The Greek fiscal tragedy next door entered a new phase last week when Prime Minister Papandreou announced the government’s austerity measures, which markets did not buy.

The PM’s speech, involving flashy phrases reeking of symbolism such as “the country must change or sink” or “we must embrace Spartan austerity”, was reminiscent of King Leonidas egging his 300 Spartans on to battle at Thermopylae. Equally encouraging was his admittance that the country’s woes go far beyond public finances.
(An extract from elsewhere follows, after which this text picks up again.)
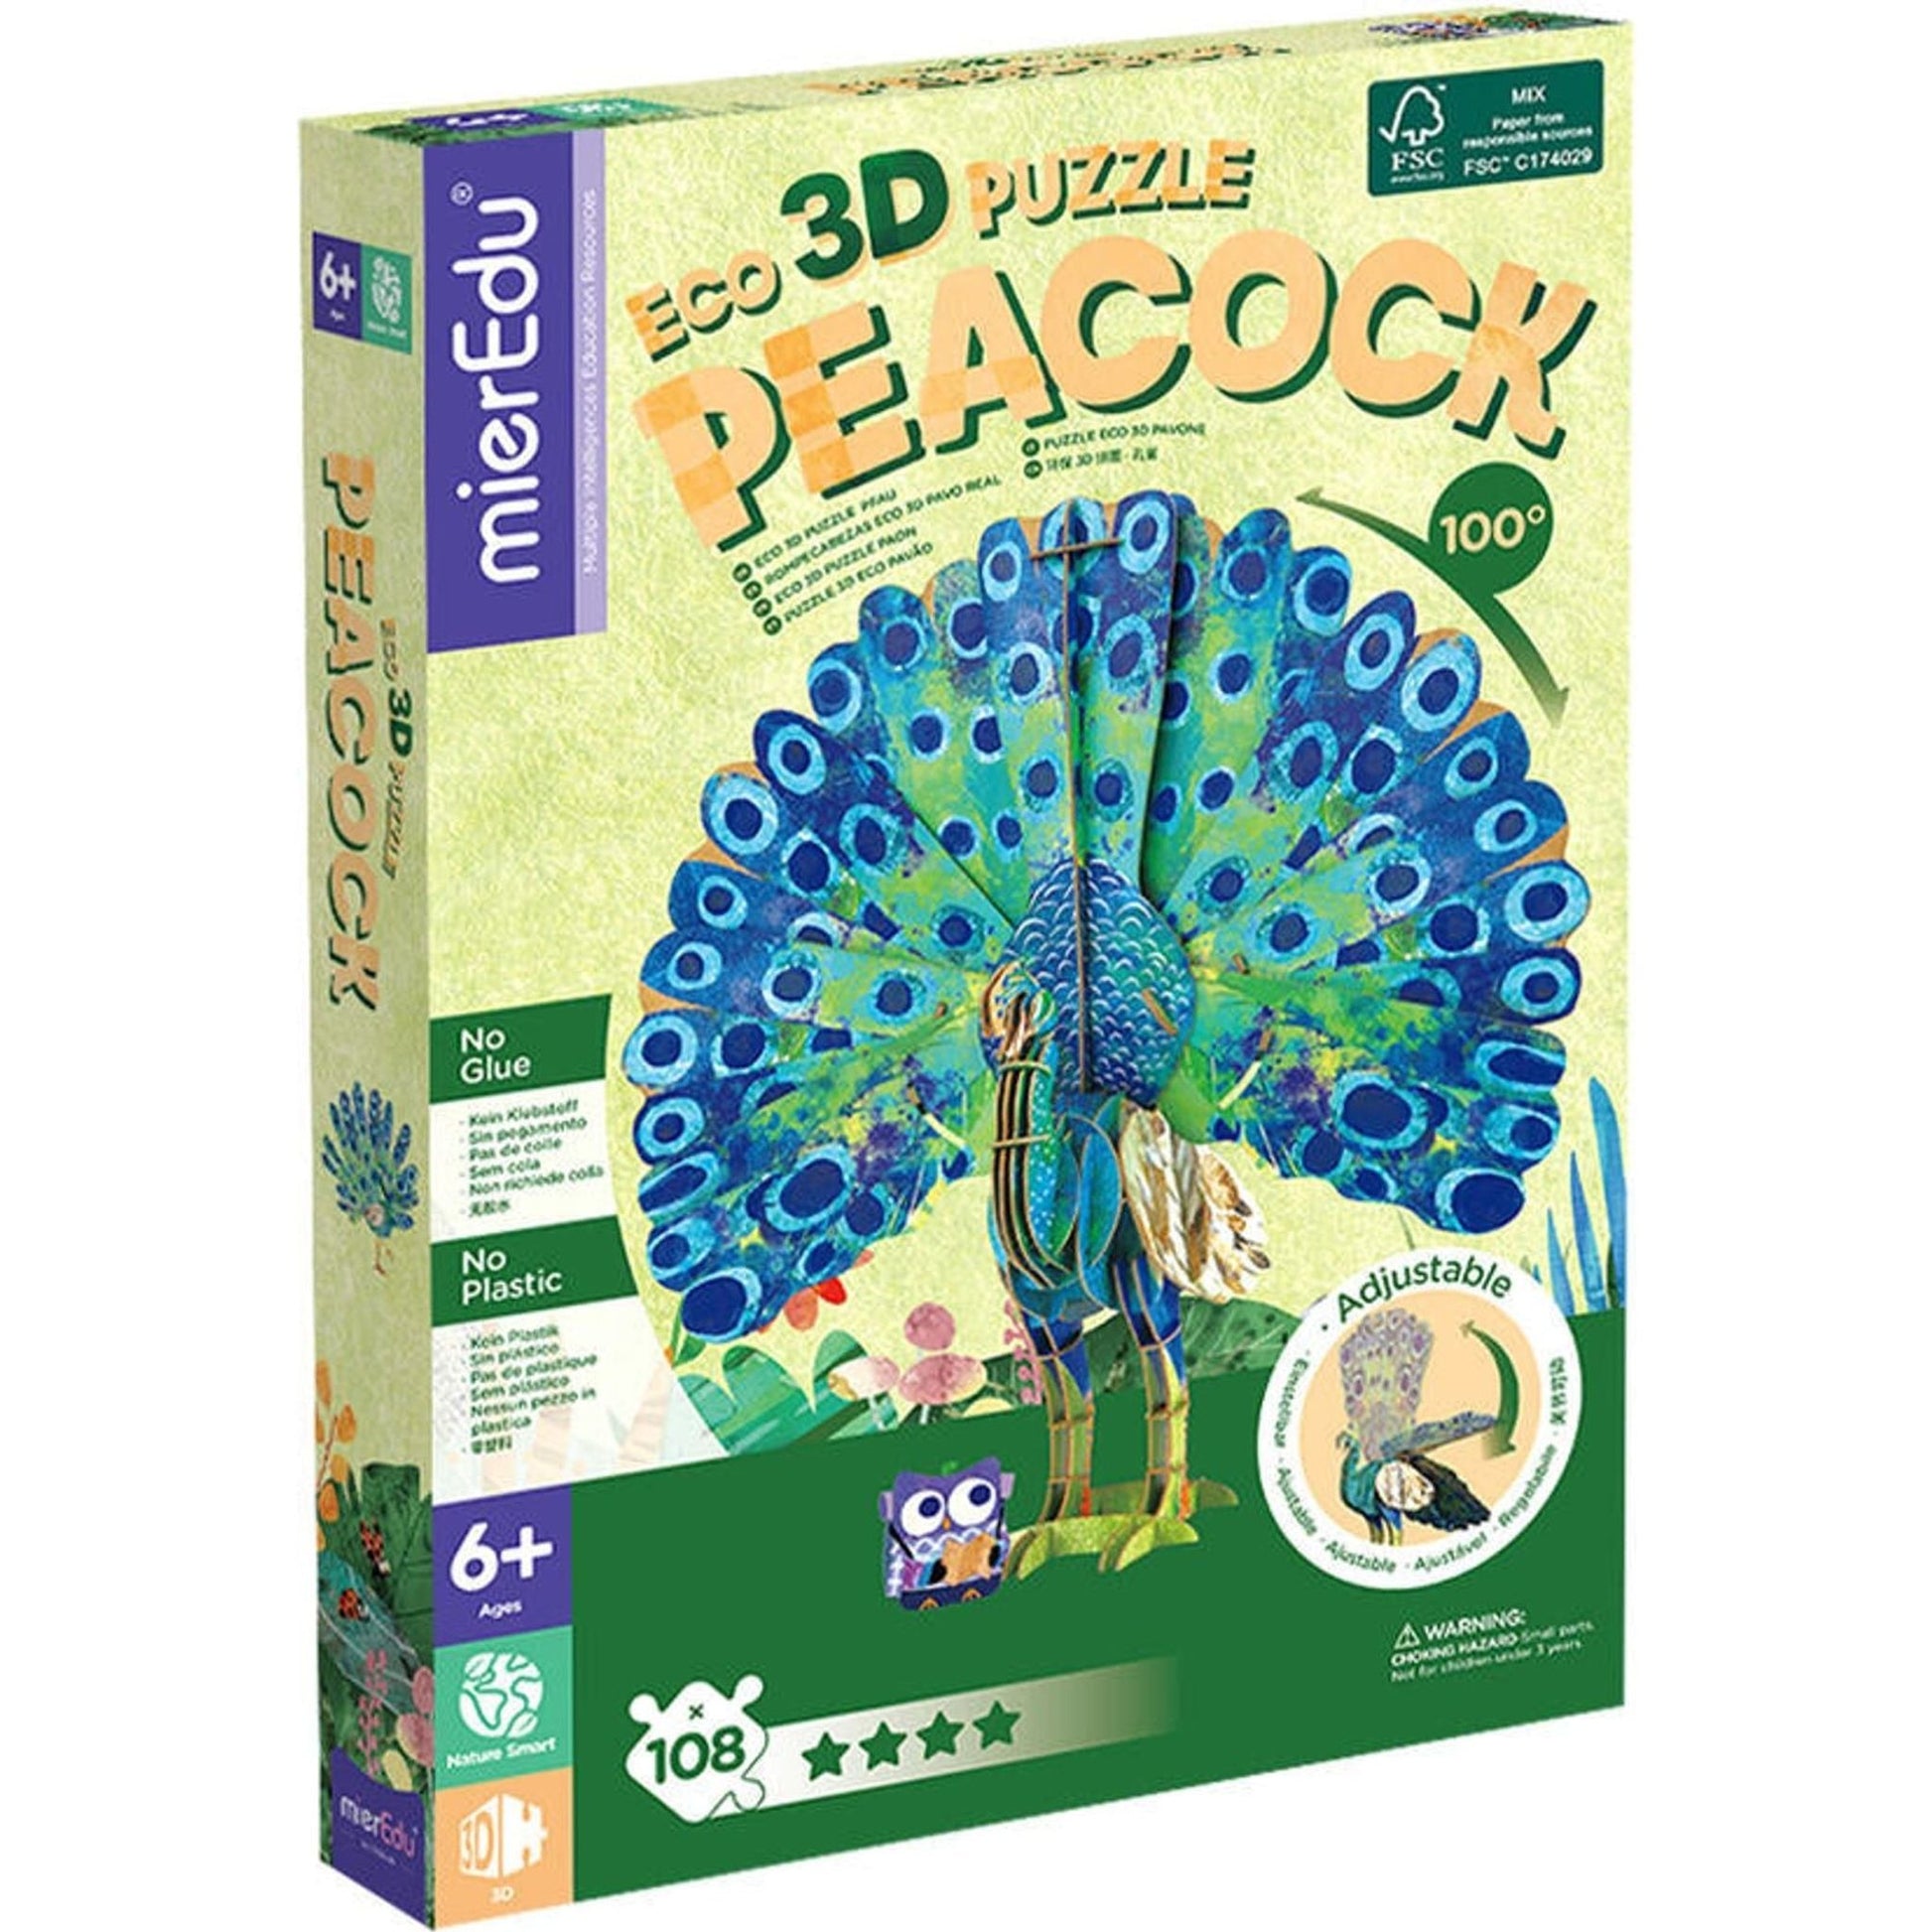 mierEdu Eco 3D Puzzle - Peacock - Toybox Tales
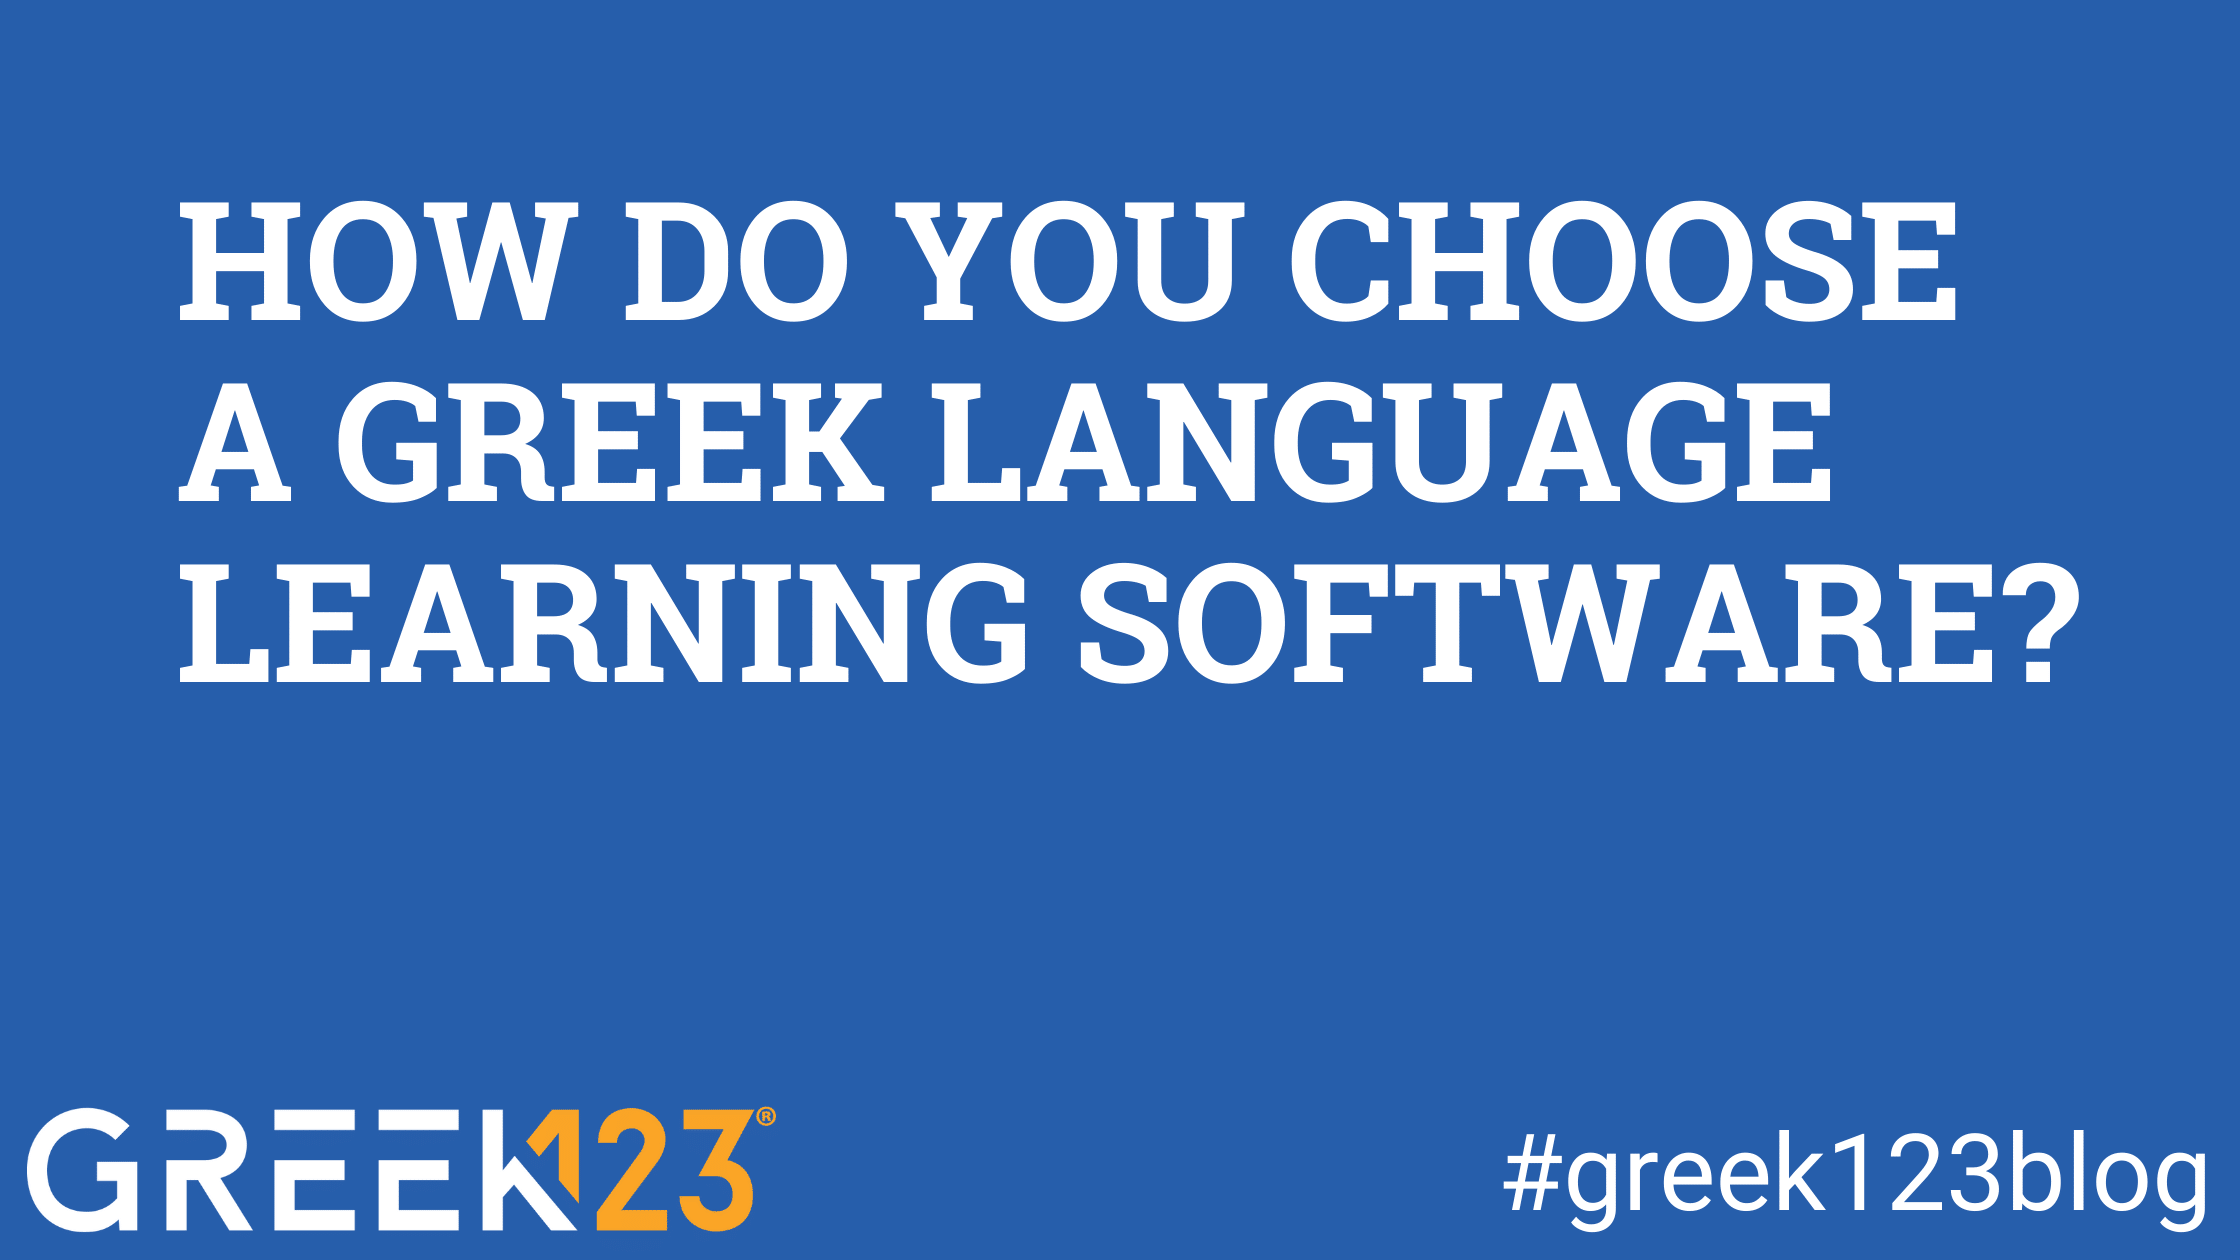 How do you choose a Greek language learning software?

Even if you dismiss his emphasis on corruption as an attempt to build consensus for unpopular reforms, competitiveness and higher education are two areas begging for reform. Compared to its counterpart across the Aegean, the Turkish Statistical Institute looks like a pillar of integrity, which has led Finance Minister Papaconstantinou to set up an independent statistics agency. Then, why did markets shrug off these gallant efforts and S&P downgrade Greece, following in Fitch’s footsteps?

For one thing, there is a tilt towards rosy estimates of revenue increases and new revenue streams rather than expenditure cuts in the government’s plan. As for the cuts, and most of the measures for that matter, there is worryingly little detail. And despite the PM’s assurances of pay freezes and decreases in allowances for civil servants, there is still talk of public-sector wage hikes in 2010. To add insult to injury, Greece seems to be suffering from lack of credibility.

But Greece is not alone. Italy, Spain and Portugal face a challenging year ahead as well. A case that has been off the markets’ radar for now has been Portugal. With the 2010 budget deliberations finalized in January and with a high rollover program for next year, it is conceivable that Portugal will be the second member of the PIGS to feel debt pains.

Another case of market ignorance, approaching delusion, is Turkey, with the latest budget figures declared positive by almost all the foreign outfits. With the sharp rise in yields earlier in the week having offered tempting buying opportunities, I would have claimed they were simply talking positions were I not such a good-mannered gentleman. While a couple of quick calls to bond traders did confirm large foreign names on the buy side, I’ll just wait for the official statistics.

To move from the trees to the forest, as Barclays Capital highlights in a recent note, the IMF, OECD and European Commission have identified that successful fiscal consolidation depends upon current expenditure cuts as opposed to revenue increases, including social spending, sometimes accompanied with a fiscal rule or multi-year target.

In practice, as BarCap notes, this implies that civil servant wage and social benefits cuts as well as pension reforms are key elements of successful fiscal adjustment. On the other hand, adjustments that would rely solely on duty hikes, indirect tax increases, fiscal fraud measures, or “savings” without any specification are unlikely to qualify as rigorous.

When you look at fiscal consolidation efforts through these lenses, it becomes clear that Latvia, Hungary and Romania are on the right path. And despite Papaconstantinou’s claim to the Financial Times that the Greek deficit reduction plan was more aggressive than Ireland’s, the latter surely wins more check based on the criteria above.

And this is also exactly where the 2010 Turkish budget gets it all wrong with its knockoff fiscal measures and over-optimistic revenue projections. Moody’s recently warned that 2010 could be the year of sovereign risk if developed countries could not get the timing of exit strategies right.

If that happens, Turkey could easily find itself at the PIGS’ tails.